Intern
Machine Learning for Complex Networks

Algorithms, AI, and Data Science II

Artificial intelligence (AI) and data science have become key technologies that are transforming virtually all aspects of science, industry, and society. They enable us implement systems that are able to perceive their environment, formally represent knowledge about the world, and engage in automatic reasoning and problem-solcing, possibly based on incomplete or uncertain information. But how can we use machines to formally represent knowledge about the world and how can we use algorithms to automatically derive conclusions based on prior knowledge and empirical observations? How can we measure the information content of data and how can we detect relevant patterns and causal relationships? And which algorithmic strategies can we use to address common optimization problems in artificial intelligence and machine learning?

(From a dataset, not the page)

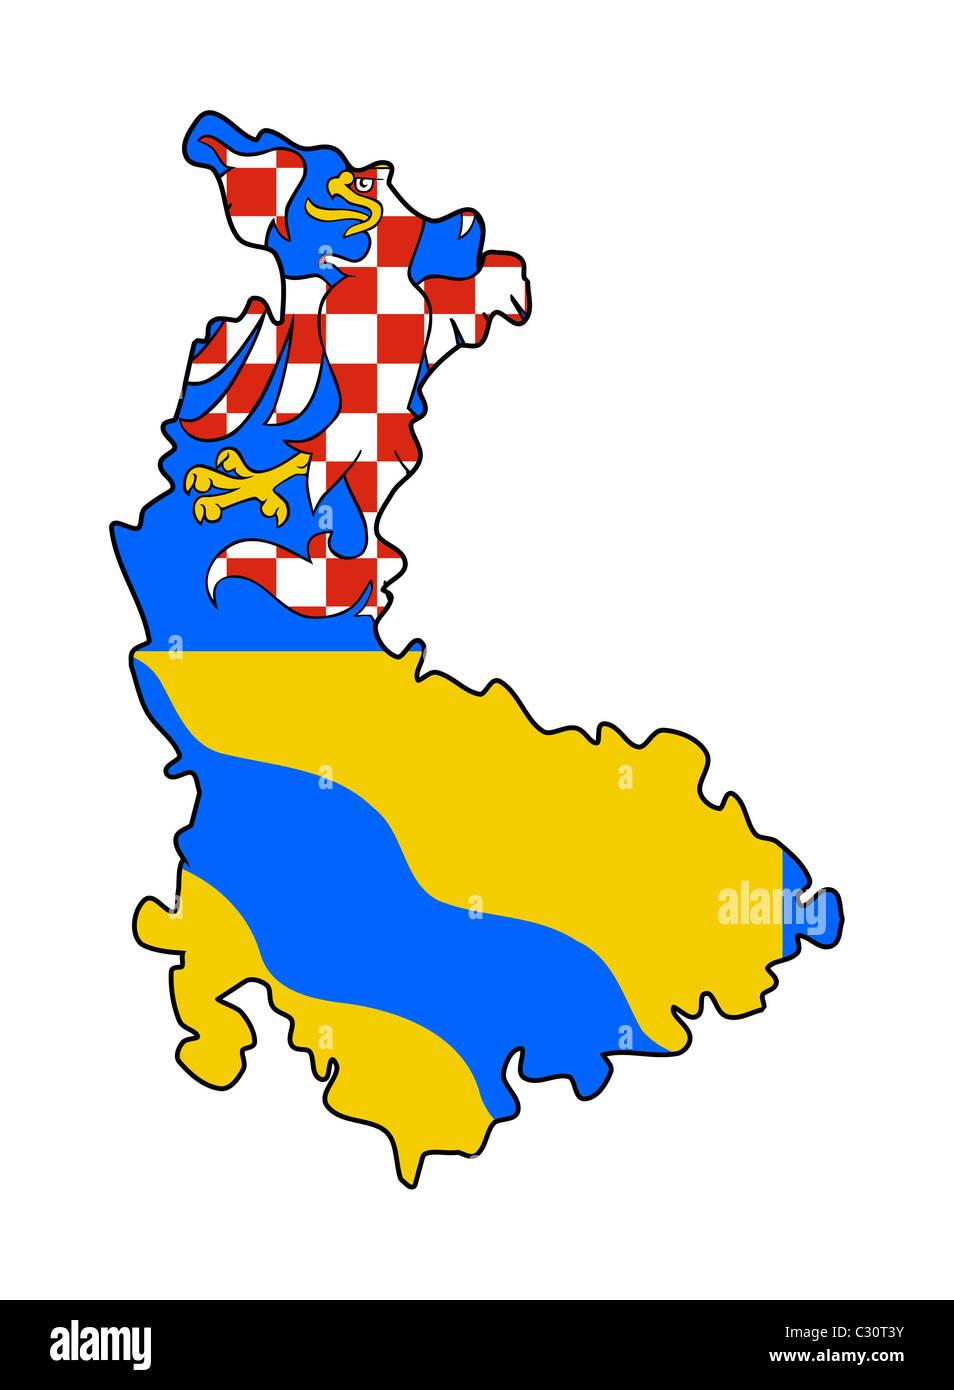 Flag of Olomouc region of Czech Republic on map isolated on white

Building on the first part Algorithms, AI, and Data Science I, this subsequent course will equip BSc students with key concepts and algorithms that are the foundation of computer science, artificial intelligence, and data science. The course will introduce formal computational models that are used to study and define concepts like "computability'' or "machine intelligence''. It further shows how formal logics can be used for knowledge representation and automatic reasoning.

Students will understand how statistical methods can be used to reason about data, how we can use mathematical approaches to formalize concepts like information and how algorithms can be used to compress data and find significant patterns. Addressing data with complex topologies, a final part of the lecture covers advanced algorithms for graph-theoretic and geometric problems.

The course combines a series of lectures -- which introduce basic concepts and algorithms in computer science, AI, and data science -- with weekly exercises that show how we can implement and apply those algorithms in python. The course material consists of lecture slides and jupyter notebooks. Students can apply and deepen their knowledge through weekly exercise sheets. The successful completion of the course requires to pass a final written exam.